Safe journey and see you at Denia.


----------



## boggy (Sep 24, 2007)

Weather has been great over the last 3 weeks, rain today but improving again tomorrow. Moving in the morning and heading towards Calpe for a few days and then start heading home. Have a safe journey and enjoy the weather and meet at Denia

John & Gail


----------



## flyingpig (Jan 14, 2009)

Lucky b***er!
Not going until 20th March   . If anyone sees a Bessacar E460 with "Flyingpig on tour" on show in the window, it's us! Can't wait, have a good journey, hope to introduce ourselves at Denia to all at the meet.

See you there,   

Ken & Lin


----------



## tonka (Apr 24, 2006)

Thursday night, will be right behind you.. !!  
Cant wait.... It's my birthday so looks like having my cake on the ferry...!!
10 Days with our young grandkids in Costa Brava, fly them home to their mom, back out to Spain and then down to Benidorm for a few more weeks. Dont you just love Ryanair deals ? £10 !!!!
Not at Denia MHF rally but may be going to the MCC rally at Gandia..


----------



## sooty10 (Feb 22, 2009)

Hope you have a good and safe journey. Will see you in Denia in a few weeks.

Sooty


----------



## hogan (Oct 31, 2006)

tonka said:


> Thursday night, will be right behind you.. !!
> Cant wait.... It's my birthday so looks like having my cake on the ferry...!!
> 10 Days with our young grandkids in Costa Brava, fly them home to their mom, back out to Spain and then down to Benidorm for a few more weeks. Dont you just love Ryanair deals ? £10 !!!!
> Not at Denia MHF rally but may be going to the MCC rally at Gandia..

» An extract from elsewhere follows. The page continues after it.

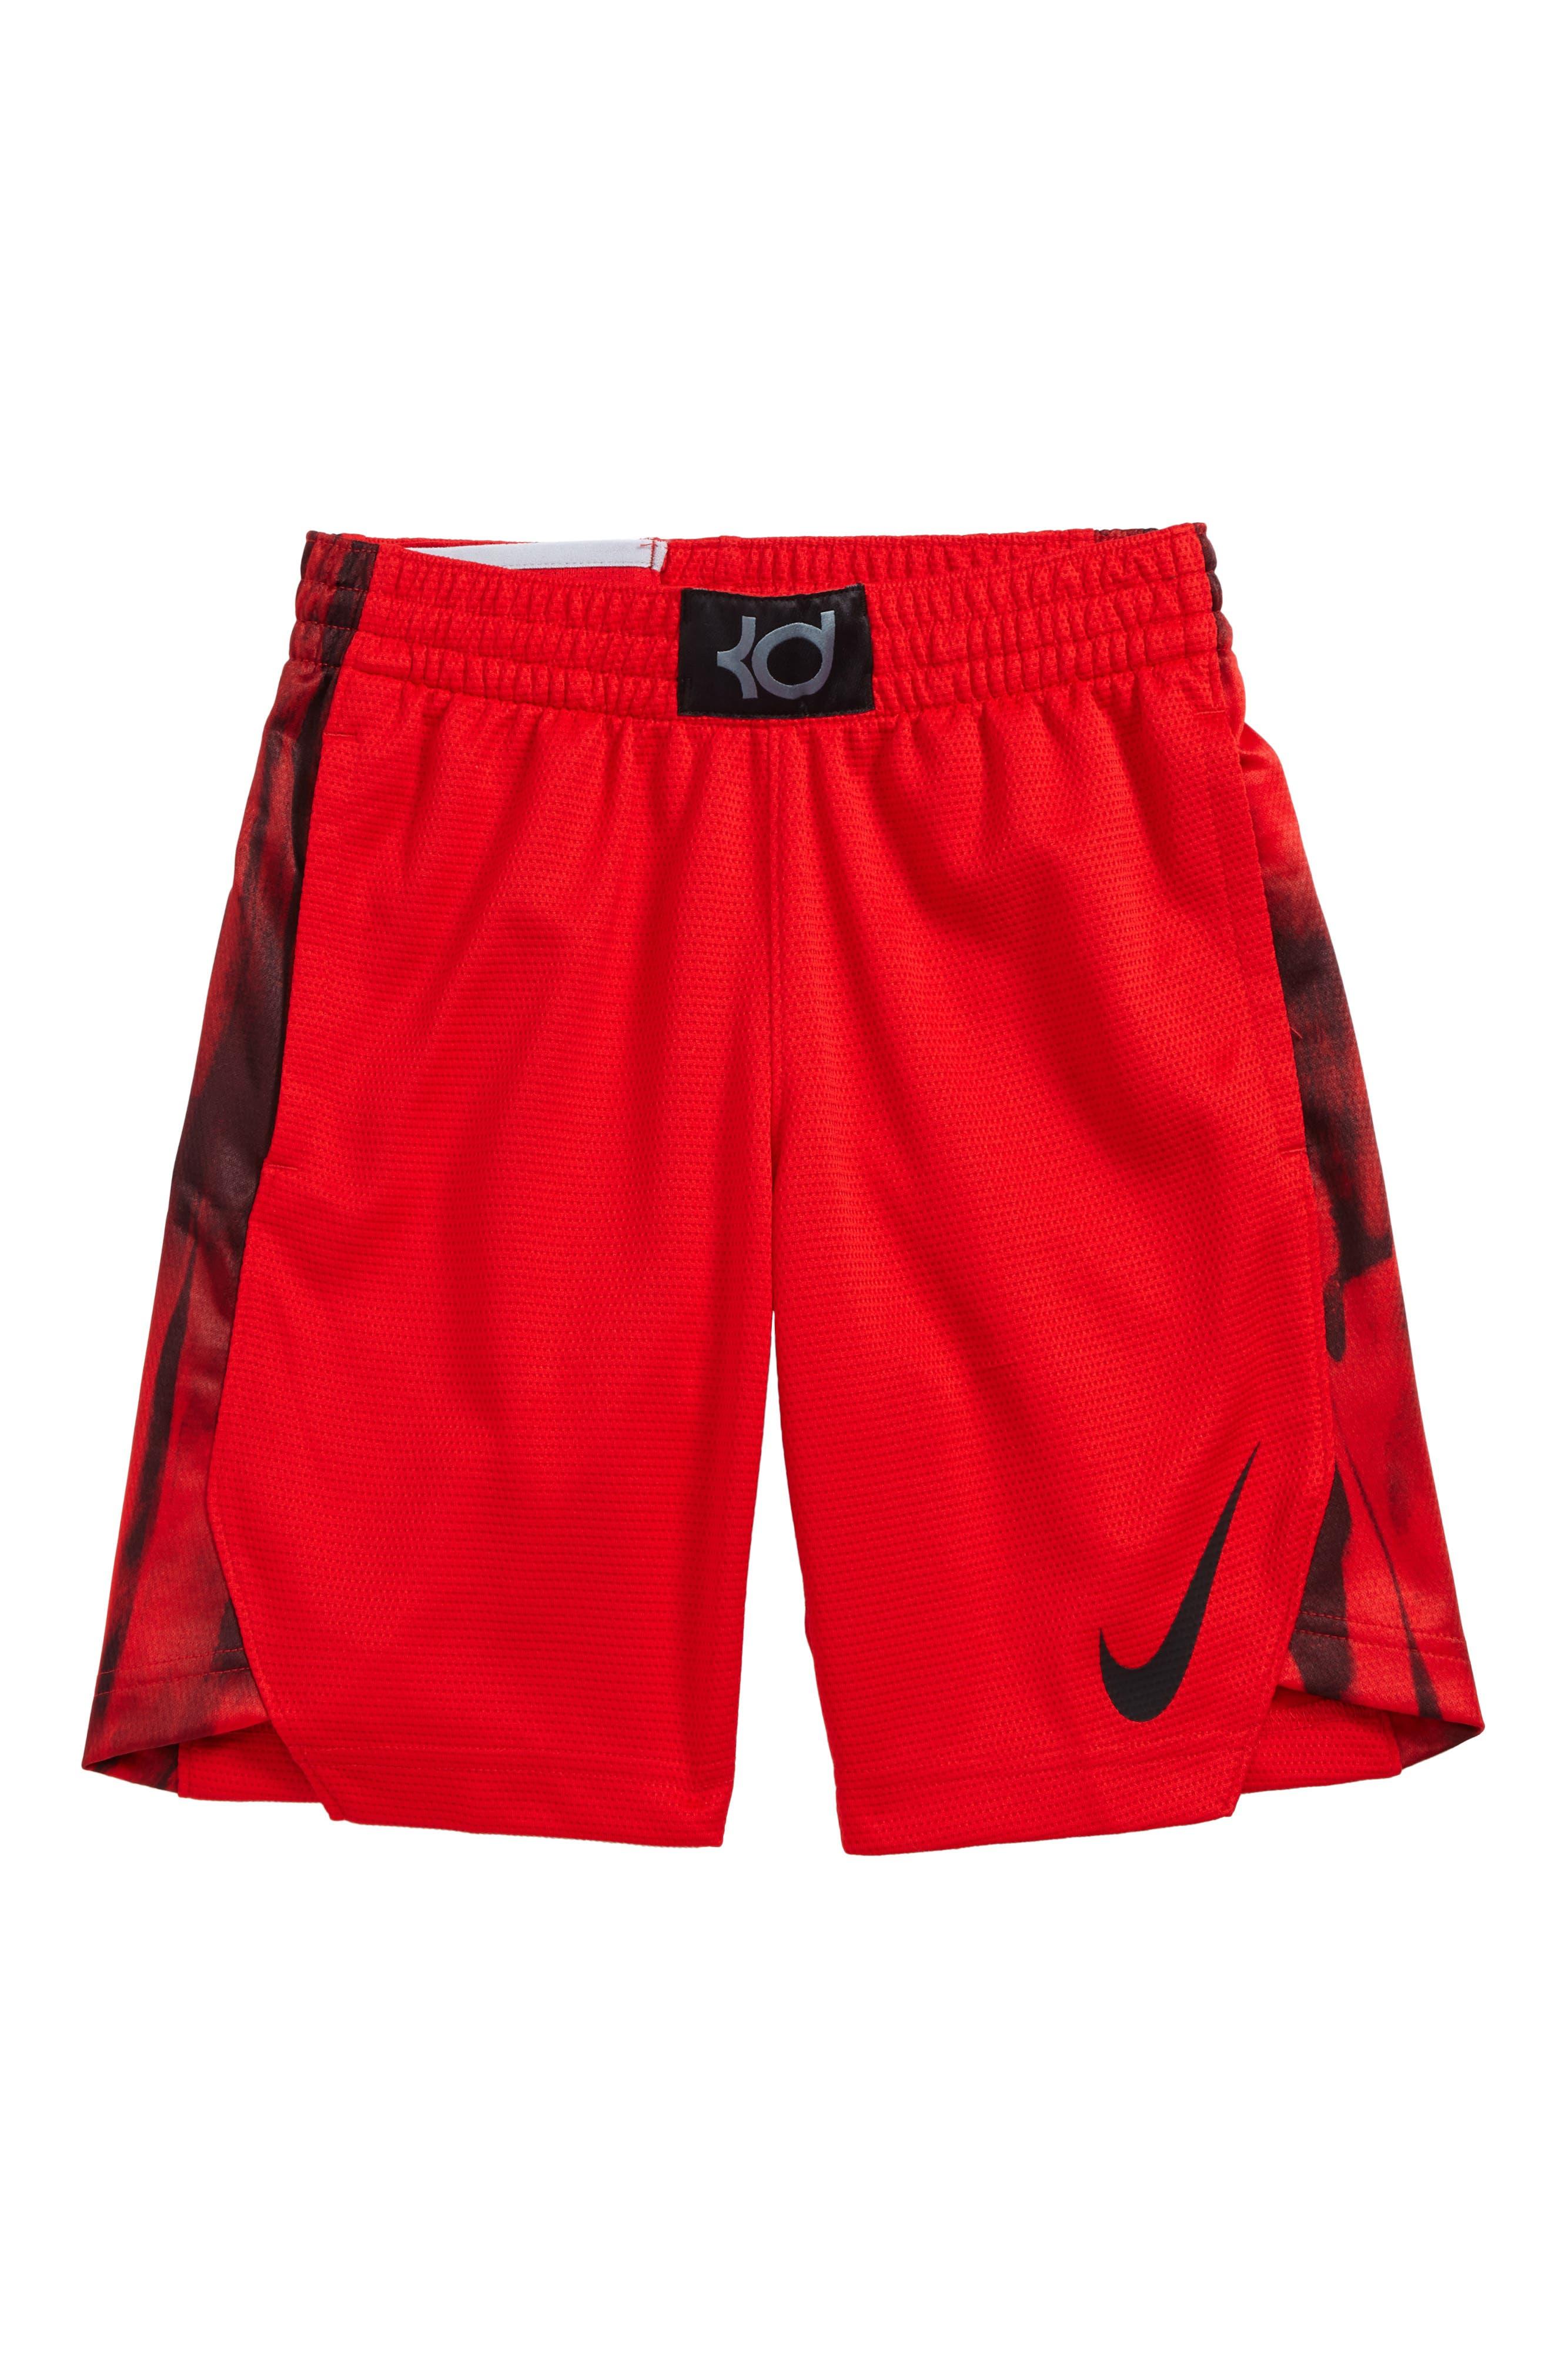 Kevin Durant Elite Shorts,                             Main thumbnail 3, color,

What site in Gandia ? is it La Alquera


----------



## tonka (Apr 24, 2006)

hogan said:


> tonka said:
> 
> 
> > Thursday night, will be right behind you.. !!
> ...


Yes, i think it is.. 16th-20th march.


----------



## tonka (Apr 24, 2006)

hogan said:


> tonka said:
> 
> 
> > Thursday night, will be right behind you.. !!
> ...


Yes, i think it is.. 16th-20th march.
u


----------